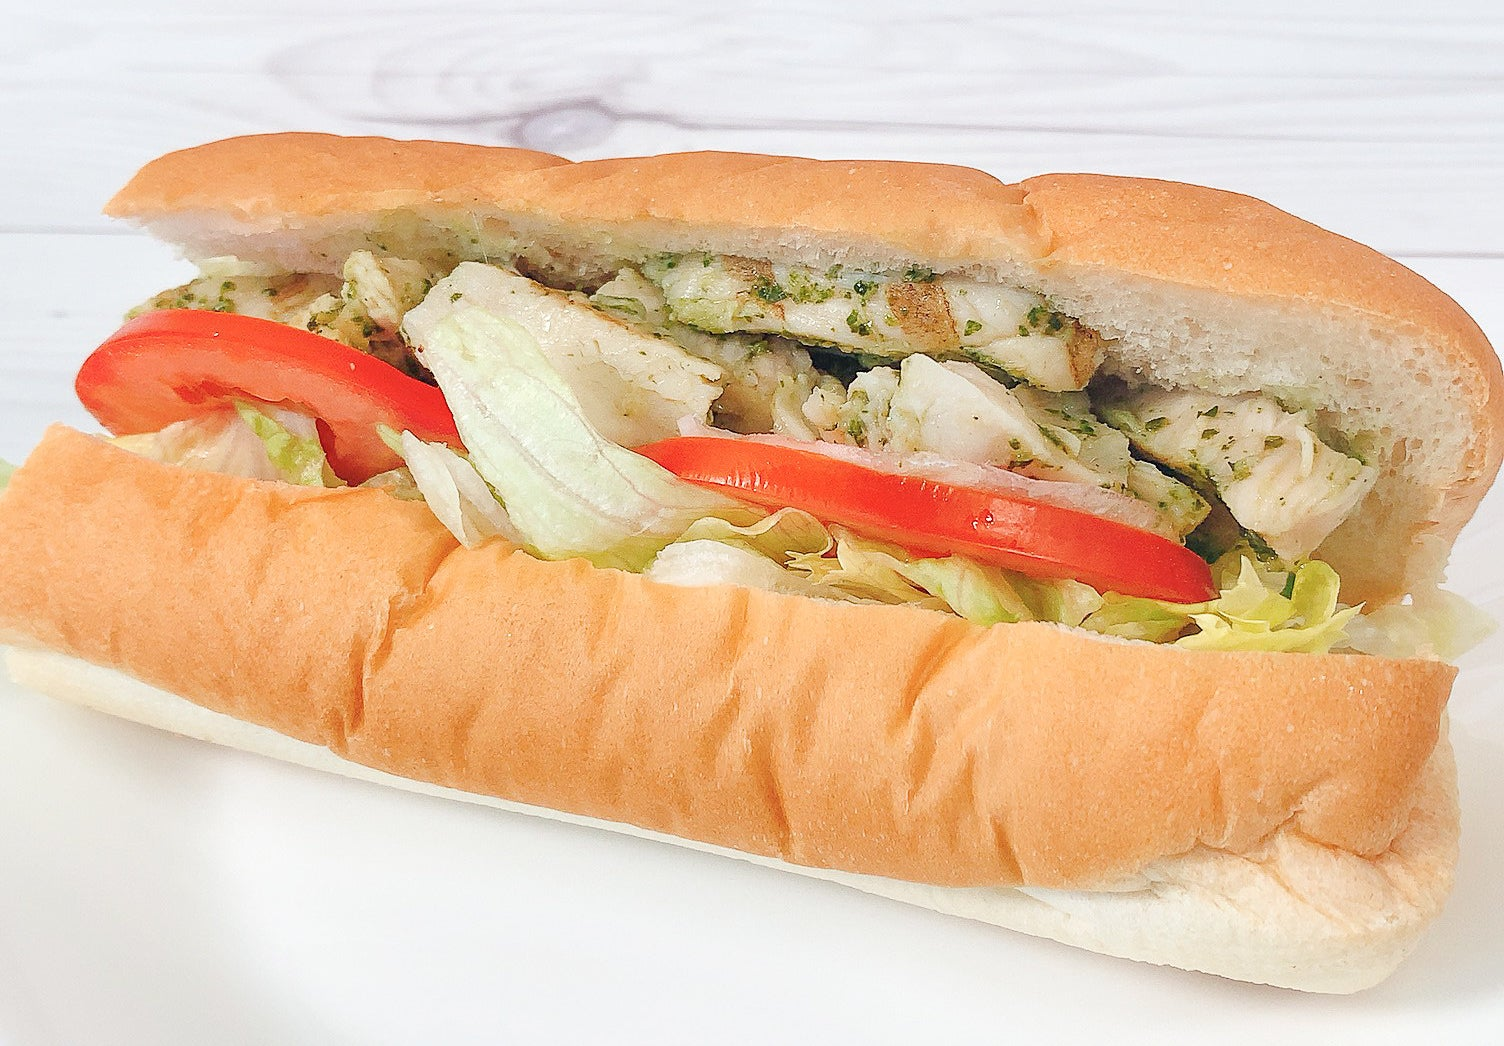 フレッシュな野菜がたくさん入ったサンドイッチが大人気のサブウェイ。どのメニューもヘルシーなイメージですが、サラダチキンって意外と今までなかったですよね。
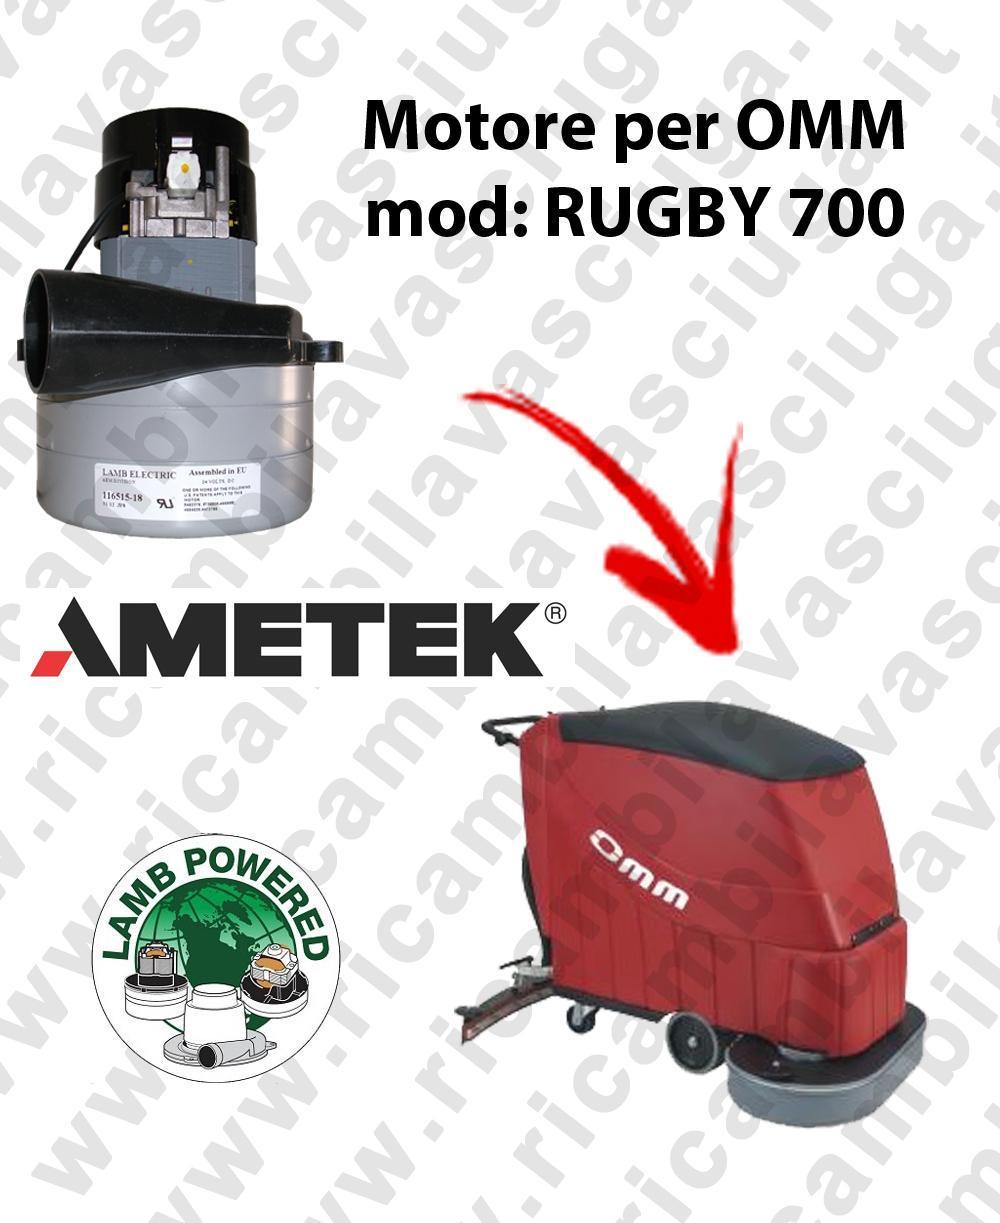 RUGBY 700 Saugmotor LAMB AMETEK für scheuersaugmaschinen OMM
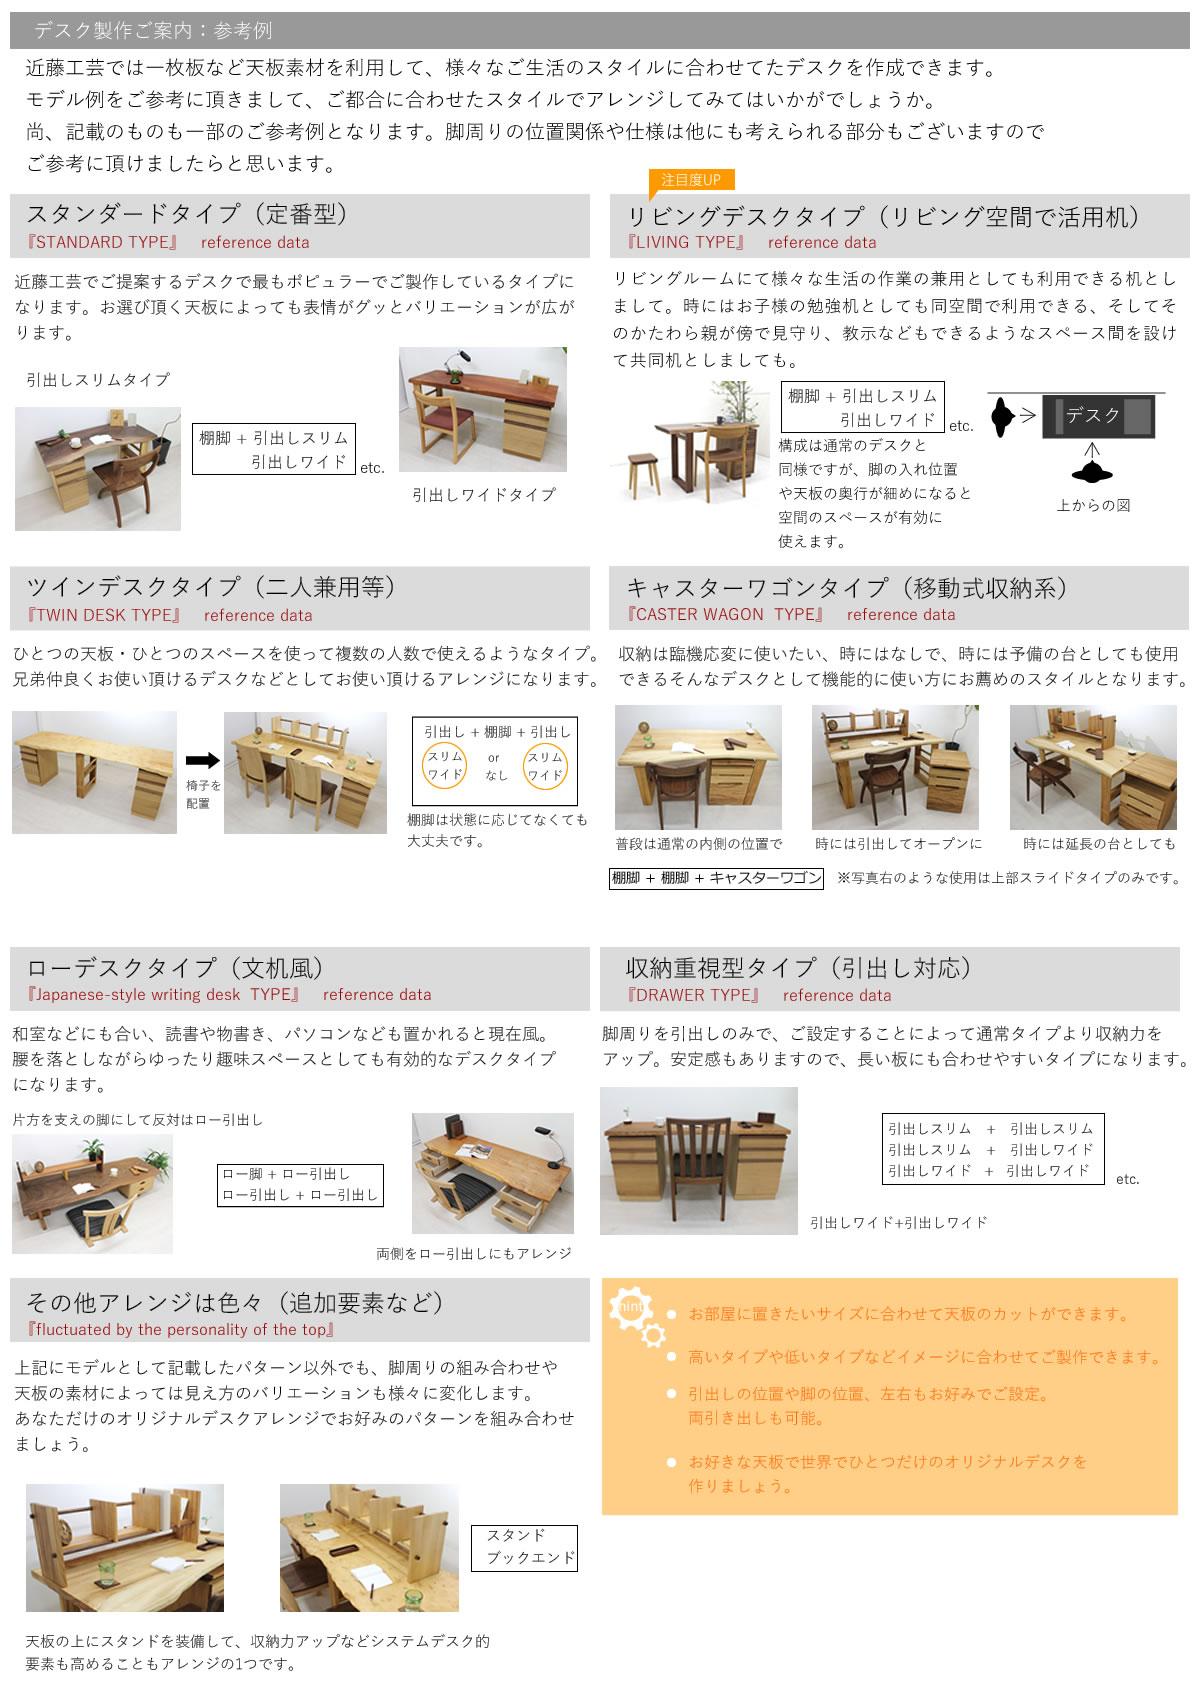 様々なデスクのタイプ別種類

--------------------

Restate the full listing verbatim and drop every picture.

 フレッシュな野菜がたくさん入ったサンドイッチが大人気のサブウェイ。どのメニューもヘルシーなイメージですが、サラダチキンって意外と今までなかったですよね。
 RUGBY 700 Saugmotor LAMB AMETEK für scheuersaugmaschinen OMM
 様々なデスクのタイプ別種類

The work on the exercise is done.